The Food and Drug Administration (FDA)
Author : Meredith A. Hickmann
Publisher : Nova Publishers
Page : 212 pages
File Size : 14,71 MB
Release : 2003
Category : Business & Economics
ISBN : 9781590333877
Book Description
The FDA is responsible for ensuring the safety of foods, drugs, medical devices, cosmetics, and a variety of other products. These products account for 25 cents of every dollar US consumers spend. Under the authority of the Federal Food, Drug, and Cosmetic Act, FDA is responsible for ensuring that these products are safe, accurately labelled, and in the case of drugs and medical devices, effective. FDA's tasks include: enforcement, pre-market product evaluation and approval, post-market surveillance and investigations, publishing of regulations, conducting and monitoring of research, public education, and regulating products and processes to prevent hazards to human health. Contents: Preface; Food and Drug Administration: Selected Funding Data; Food and Drug Administration: Selected Funding and Policy Issues; US European Agricultural Trade: Food and Biotechnology Issues; Food and Drug Administration: Selected Funding and Policy Issues; Food and Drug Administration Modernisation Act of 1997 -- The Provisions; Index.

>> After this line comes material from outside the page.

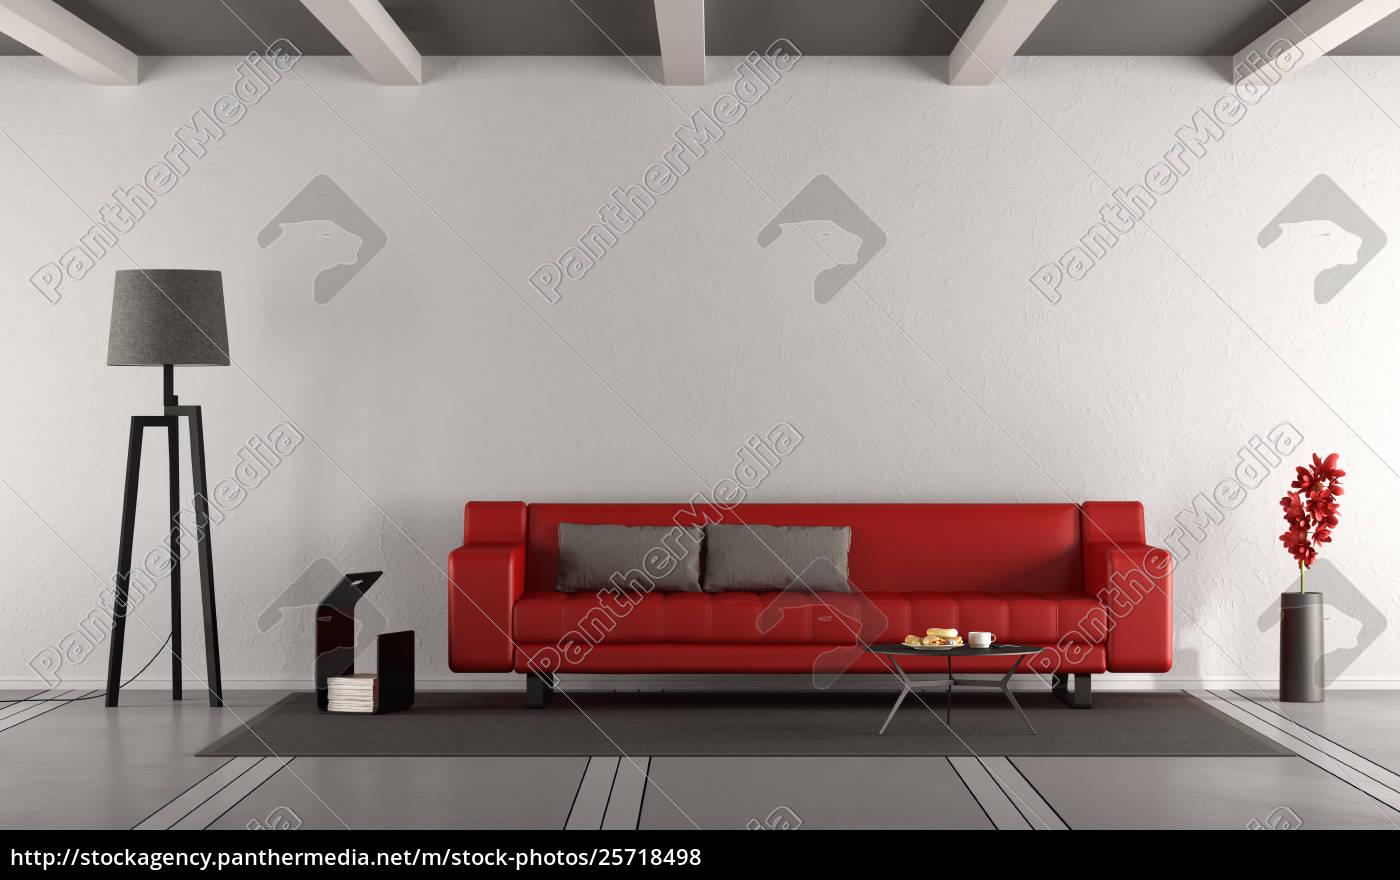 Stock Bild 25718498 Minimalistisches Wohnzimmer Mit Sofa

Statistical Process Control for the FDA-Regulated Industry
Author : Manuel E. Pena-Rodriguez
Publisher : Quality Press
Page : 205 pages
File Size : 16,98 MB
Release : 2013-04-11
Category : Business & Economics
ISBN : 0873898524
Book Description
The focus of this book is to understand and apply the different SPC tools in a company regulated by the Food and Drug Administration (FDA): those that manufacture pharmaceutical products, biologics, medical devices, food, cosmetics, and so on. The book is not intended to provide an intensive course in statistics; instead, it is intended to provide a how-to guide about the application of the diverse array of statistical tools available to analyze and improve the processes in an organization regulated by FDA. This book is aimed at engineers, scientists, analysts, technicians, managers, supervisors, and all other professionals responsible to measure and improve the quality of their processes. Although the examples and case studies presented throughout the book are based on situations found in an organization regulated by FDA, the book can also be used to understand the application of those tools in any type of industry. Readers will obtain a better understanding of some of the statistical tools available to control their processes and be encouraged to study, with a greater level of detail, each of the statistical tools presented throughout the book. The content of this book is the result of the authors almost 20 years of experience in the application of statistics in various industries, and his combined educational background of engineering and law that he has used to provide consulting services to dozens of FDA-regulated organizations.